Europe’s competitiveness is stalling: how to unleash investment to do better

#CriticalThinking

Democracy

Picture of Jan Mischke
Jan Mischke

Partner and Research Leader on Europe at the McKinsey Global Institute (MGI)

Picture of Sylvain Johansson
Sylvain Johansson

Director of McKinsey Global Institute and Senior Partner of McKinsey and Company

Europe’s competitiveness is in dire straits – putting Europe’s prosperity and place in the world at risk and jeopardising its long-term ability to fund the net zero transition and its social model.

Large European firms invest 40 percent less in R&D than their U.S. peers and grow a third more slowly. In ten critical technologies, Europe is trailing the United States or China, according to McKinsey Global Institute (MGI) analysis. Notably, in the generative AI value chain, Europe’s market share is less than five percent in most segments.

Investment is the pulse and lifeblood of competitiveness – and there is a factor two per capita gap relative to the U.S. in the most productive forms, i.e. into intellectual property and equipment and machinery. Bridging this must take priority. MGI has found that investment has accounted for 70 to 80 percent of productivity growth since the turn of the century. Companies or markets that are less competitive don’t attract as much investment. Without such investment, there is no growth, putting Europe’s growth, debt sustainability, prosperity, social model and place in the world at risk. Can Europe afford to invest double its current investment?

Public investment in net terms, that is after depreciation, accounts for just one percent of total public expenditure, and even this level is fragile, likely to be cut when budgets are tight. Even if investment doubled, it would merely mean reallocating one percent of public spending. It could also help to apply the same accounting rules in the public sector as is common in private firms, specifically by recognising investment as a productive asset on the balance sheet that loses value and thus costs money over time of use, rather than hitting budget deficits one-off at the time the investment is made.

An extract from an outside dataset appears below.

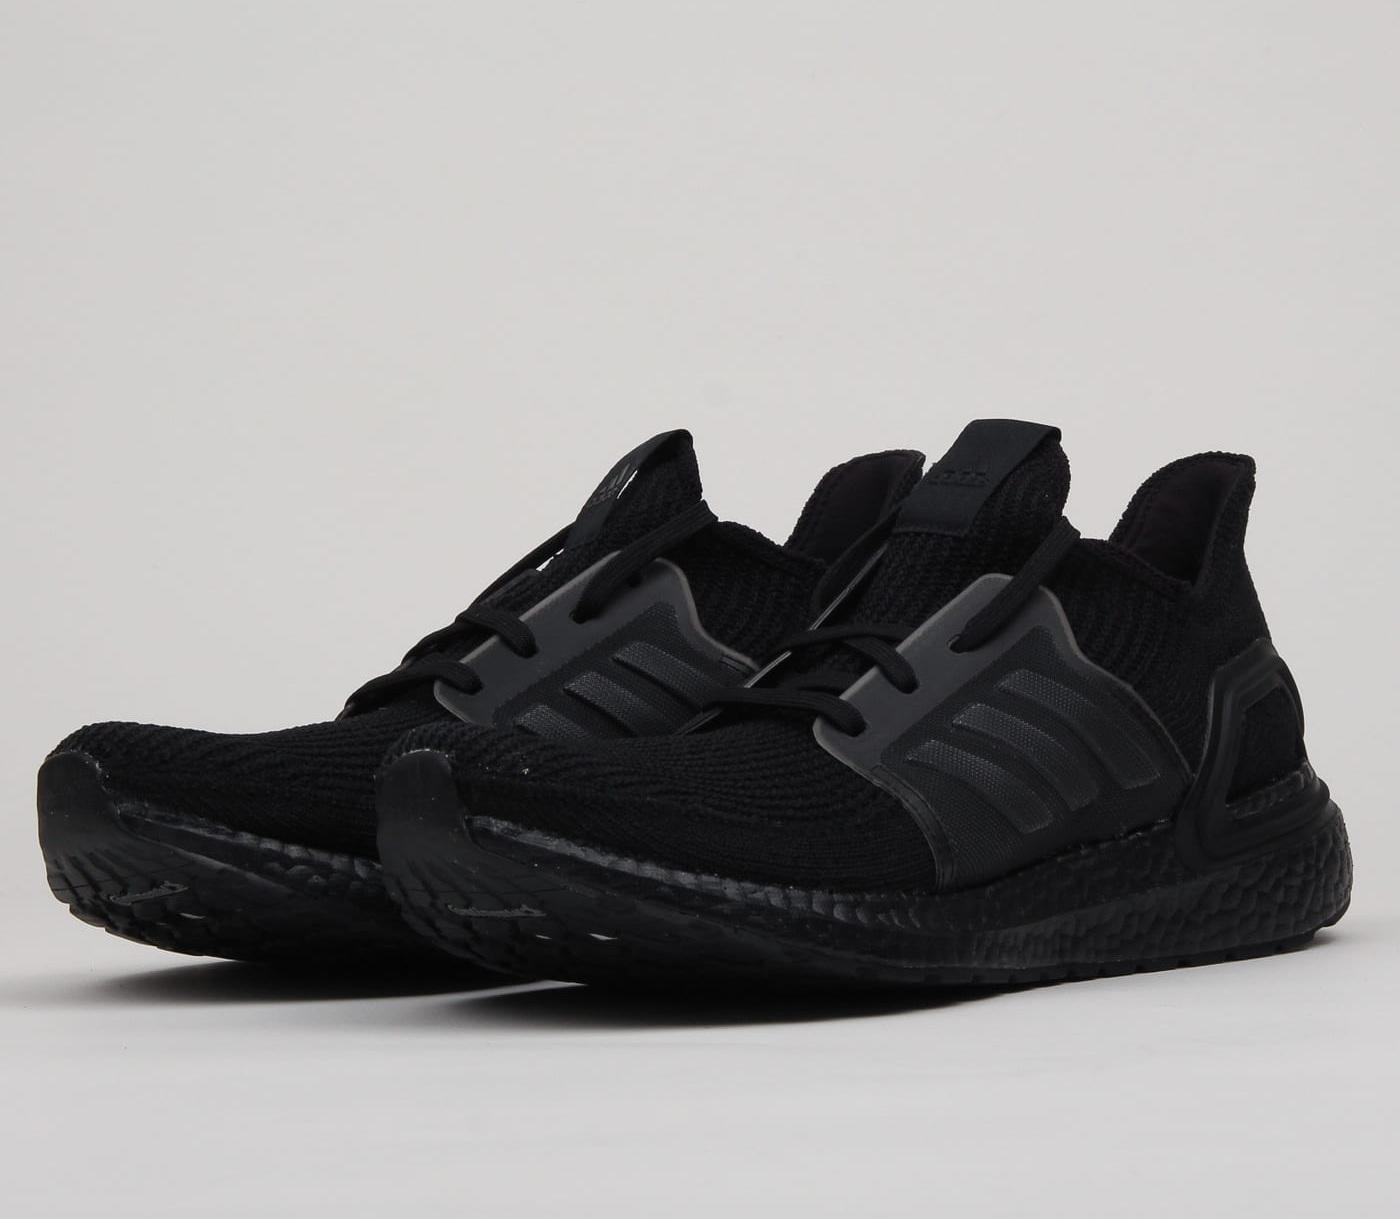 adidas-ultraboost-19-m-93097_1.jpg
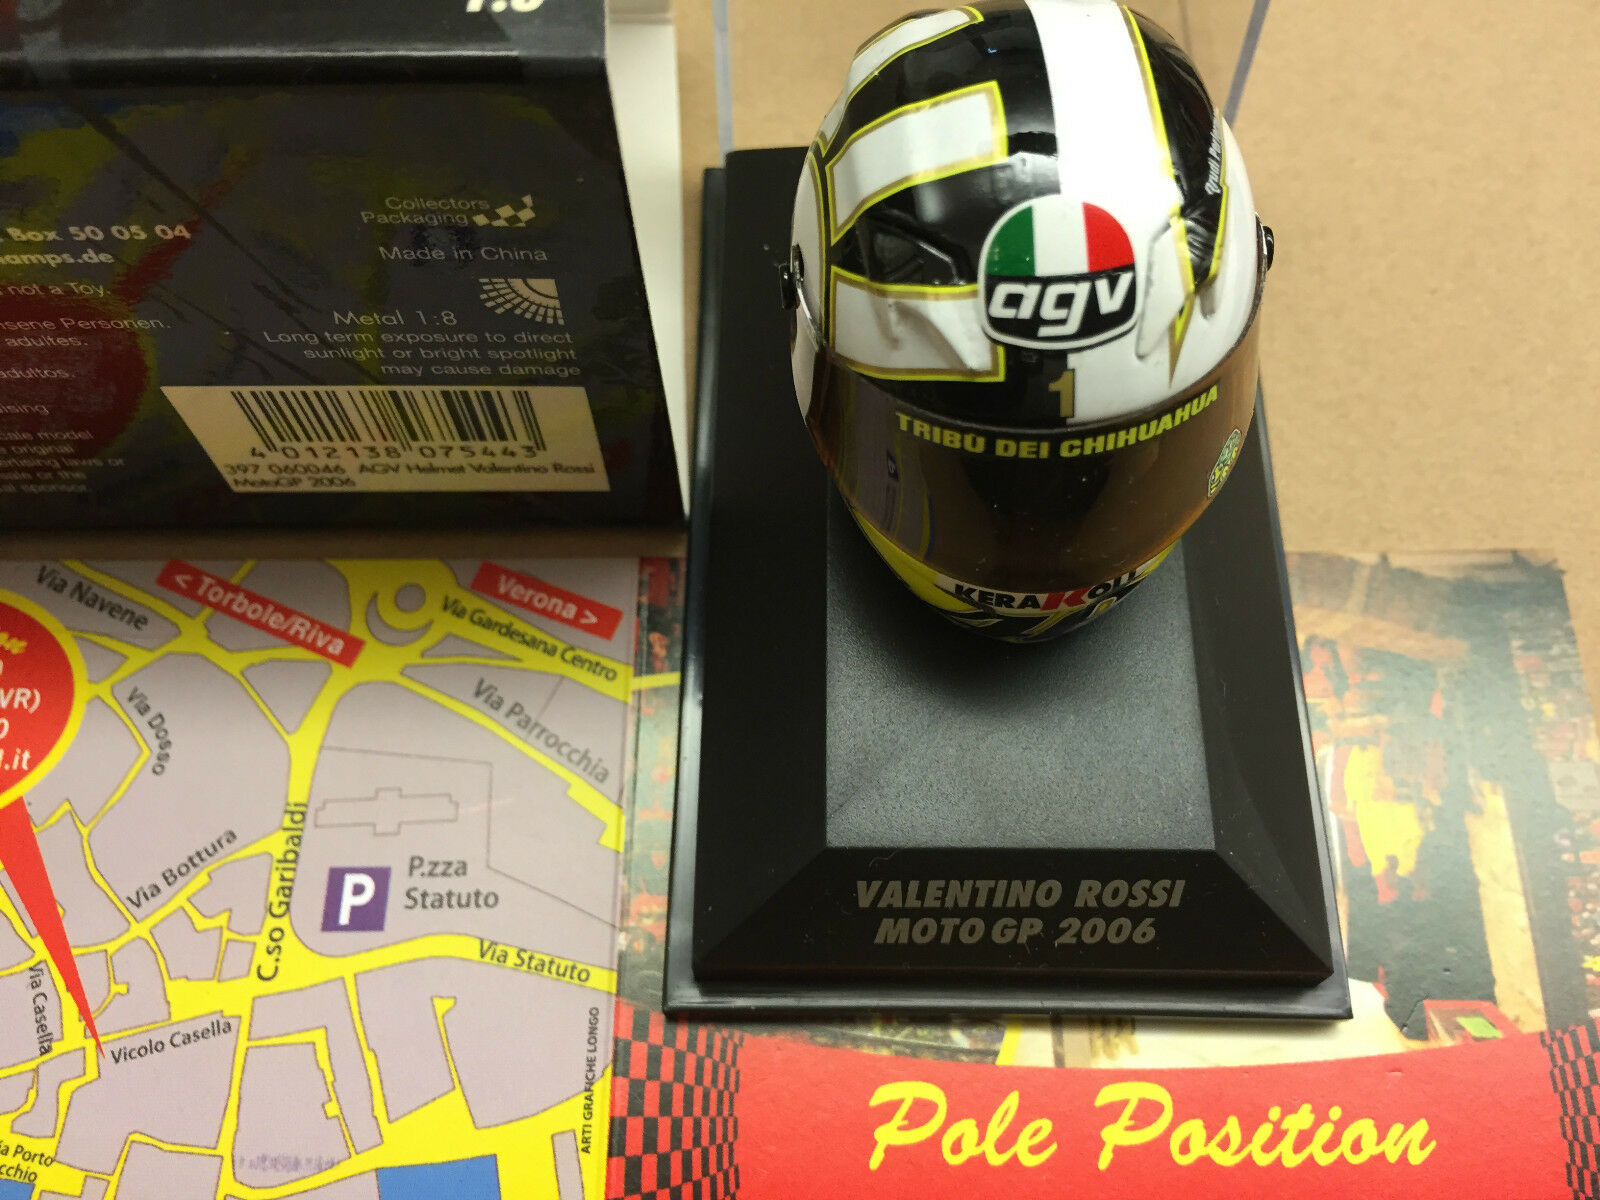 VALENTINO ROSSI CASCO HELMET MOTOGP 2006  397060046 MINICHAMPS 1 8 NEW VERY RARE

Investment is the pulse and lifeblood of competitiveness – and there is a factor two per capita gap relative to the U.S. in the most productive forms, i.e. into intellectual property and equipment and machinery

But most investment will need to come from the private sector, where funding is less of an issue than framework conditions and expectations of attractive returns. As long as corporations in Europe generate four percentage points lower returns on capital than those in the U.S., it is hard to imagine European investment to double and reach U.S. levels. Prerequisites would include changes from energy cost to the regulatory environment. Simpler cross-border and even in-market consolidation could be welcome in that regard. While the discussion has focused so far on potential negative implications on price and other elements of consumer welfare, the long-term implications for consumers and workers of under-investment come to the fore too rarely.

In the past, Europe has mastered a model of stability and “industrial excellence”. But the world has changed, and Europe must adapt. The coming decades will increasingly be about scale and speed in technology and technology-enablement. This requires new approaches. In the U.S., the so-called “magnificent seven” giant technology firms put up as much R&D funding as half of all of Europe’s public and private R&D spend combined. To step up, a public-private approach will be required. One way could be to deploy at scale EU-wide publication innovation procurement to leapfrog in technology areas where Europe has strengths, such as quantum computing, solid state batteries, or AI in healthcare. More risk capital will also be needed, as venture capital assets under management are only a quarter of those in the U.S. Consolidating pension funds and enabling them to allocate more of their assets to fund high-growth firms could make a difference.

To unlock investment into new technologies and sectors, Europe will need to find ways to change its economic model

For firms both old and new to rise to global competition, they will need to scale up, fast. That requires completing the single market and harmonising rules — admittedly a long-term project. More immediately, Europe could concentrate on devising a 28th regime of common investment-friendly business rules. This framework would need to be bold and broad, covering areas from labour to taxation to permitting.  To reduce policy competition with national rules, it could be made applicable only to innovative firms that need to scale up fast.

In essence, to leave a real mark on competitiveness, European decision makers might focus on one simple question for every decision they discuss: will it unleash investment?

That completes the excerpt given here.